Amid the impressive speculation on future technology, Nowlan’s novel constructs some very unique narratives around national identity. The stark contrast between the utilitarian Americans and the grandiose Hans lends all too easily to the creation of a Spartan versus Persian allegory.
As narrator, Buck Rogers is constantly awestruck by the utilitarian nature of the Wyoming gang and the American gangs as a whole. A person’s life within the gang is divided equally between education, service to the gang in one of the underground factories and military service. Laziness is described as the highest sin among the Americans. The semi-sedentary lifestyle of the American gangs has led to the abolition of private property. Underground factories limit their production of goods to those things essential to the survival of the gang – weapons, Ultron, Inertron, clothes, food, shelters – thus there is no consumer based economics. Even the leadership of the Wyoming gang is oddly communal; there is a big boss, and a council of sub-bosses each of whom acts as a cabinet minister. In the middle of 1920s, Philip Nowlan created an America that fused elements of Sparta’s martial tradition with a strongly Marxist social order and enriched it with the spirit of American frontier mythology.
When Buck is captured by the Hans and taken to their American fortress of Lo-Tan, he is finds himself surrounded by people that are the exact opposite of his adoptive family. Unlike the American Gangs, Han society is the epitome of Fordist capitalism.
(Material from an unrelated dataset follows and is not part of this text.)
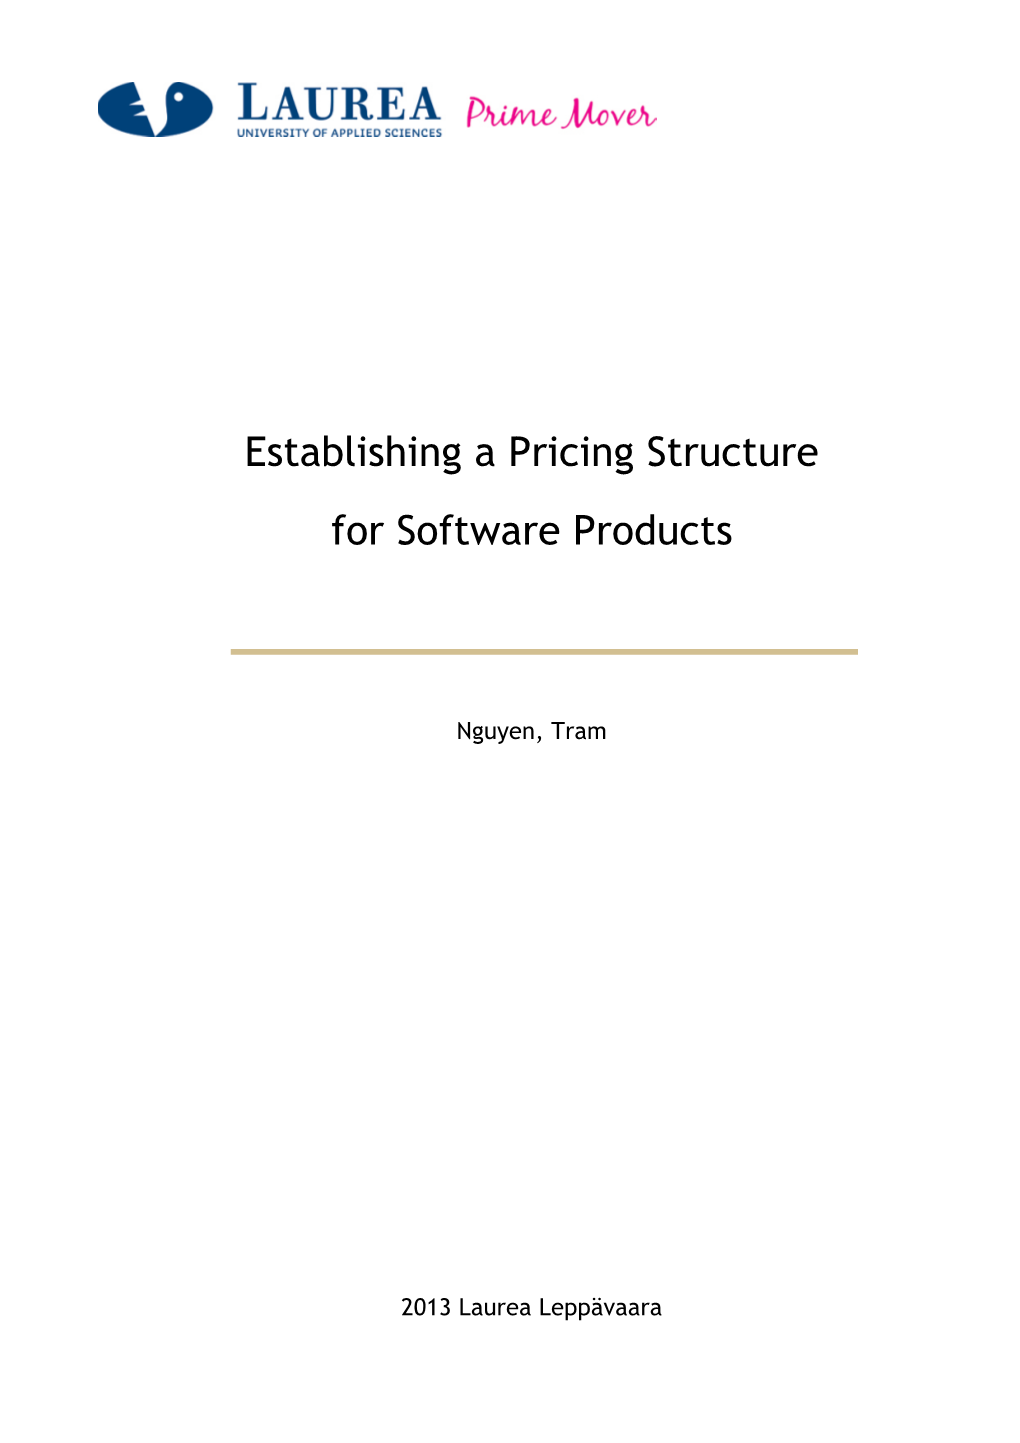 Establishing a Pricing Structure for Software Products

Break something? Buy a new one. But why get up and go to the store when you can push a few buttons from the comfort of your couch and have the object delivered to your apartment and the cost automatically deducted from your bank account?
One of the most interesting aspects of Han society, as created by Nowlan, is social hierarchy. While the noble and warrior castes are technically at the top of the order, they are constantly challenged from the engineers and maintenance men of Han society. An officer aboard a Han airship knows know what buttons to push such that he can fire his disintegrator ray, but he has no more knowledge of how to fix it than the average present day North American has with respect to repairing an internal combustion engine. Repairmen and engineers literally hold Han society hostage in their demands for increased wealth and prestige.
So who wants to take a guess at which fictional civilization our society mirrors the most?
Of the many questions we can ask of this book, the one that interests me the most is this: Was Philip Nowlan attempting to offer a cautionary narrative on the dangers of technological dependence and over-consumption? Nowlan was born in Philadelphia Pennsylvania, in 1888. As he grew up, so did the assembly line and large scale industrial production. He offers heroes that have wholly rejected capitalism and antagonists that have grown decadent in their embracing private wealth. If Nowlan could envision a future with broadcast microwave energy, perhaps he could see future version of America where nobody knew how anything worked, 60% of the people were obese and consumer consumption and bad politics ruled the day.
No longer when I hear the name Buck Rogers will I immediately think about Gil Gerard and his stupid robot sidekick. Armageddon 2419 A.D. proves that Philip Francis Nowlan’s contribution to the SF world has been lost amid a sea of low-budget serials and 70s camp.